Tesla stock will fall another 33% because it's still expensive and lacks upside catalysts, Bernstein says

  • Bernstein has cut its stock-price target on Tesla to $120, down from $150.

  • That implies 33% downside from where the stock is trading on Wednesday.

  • The firm says Tesla is trading too expensive relative to automaker peers, and also has minimal upside catalysts in sight.

Little can justify Tesla's high stock price, as its margins are on par with lower-valued competing automakers, Bernstein wrote on Tuesday.

What's more, the electric vehicle firm offers no obvious catalysts to spark growth down the road, analysts said, cutting their price target on Tesla to $120 a share, from $150. That implies a 33% drop from where the stock traded on Wednesday.

"Tesla's stock price remains high on almost every valuation metric compared to both traditional and higher-growth auto OEMs, and also looks expensive relative to its reduced growth expectations when measured against tech comps," analysts led by Toni Sacconaghi wrote.

Already, the EV-maker has slumped aggressively year-to-date, with missed fourth-quarter earnings spurring on the rout. The stock has shed around 30% since the year's start.

But despite its underperformance, Tesla still holds a massive premium against other auto firms, with a valuation that is six-fold higher than other manufacturers. That's because Tesla historically held a much higher growth rate, but that's less the case today, Bernstein said:

"That said, today Tesla's margins are in line with or U.S. in some cases lower than US, Japanese and US OEMs, and its forward growth rate is more comparable to Toyota and Honda, and lower than that of BYD," Sacconaghi wrote.

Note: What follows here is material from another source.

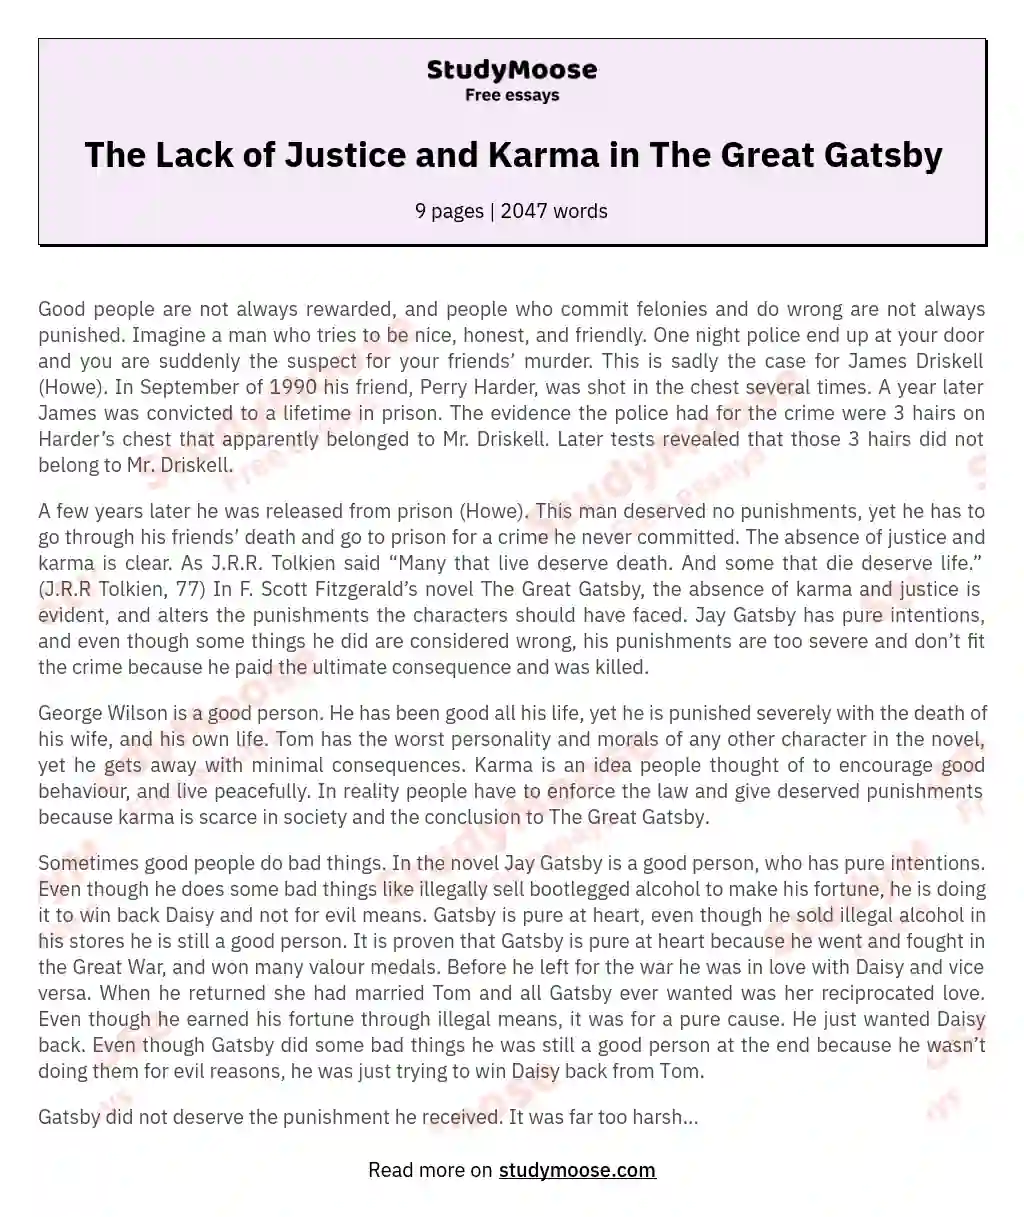 The Lack of Justice and Karma in The Great Gatsby essay

And while Tesla commands premium multiples above large-cap tech firms, it's margins are significantly lower among this cohort as well, Bernstein added.

According to the note, softer demand is chipping away at Tesla's production volumes, as EV adoption decelerates in Europe and the US, while the launch of the Highland model in China failed to showcase a "step-change" in demand.

Bernstein lowered its production forecast to 1.98 million for the year, against consensus of 2.06 million. Tepid growth will continue into 2025. However, Tesla is still forecast to become the highest world's volume auto maker.

Bullish investors may point to Tesla's full self-driving technology as a transformative venture that should justify its stock price overtime, but Bernstein notes that other manufacturers are also competing in this space.

It's also unlikely that Tesla makes ground as a robotaxi service, as Waymo already dominates the field.

Others have also pointed out Tesla's venture into robotics and AI, including the Optimus and Dojo announcements. But as with self-driving, the firm is already behind, with CEO Elon Musk downplaying Dojo as a "long shot," Bernstein cited.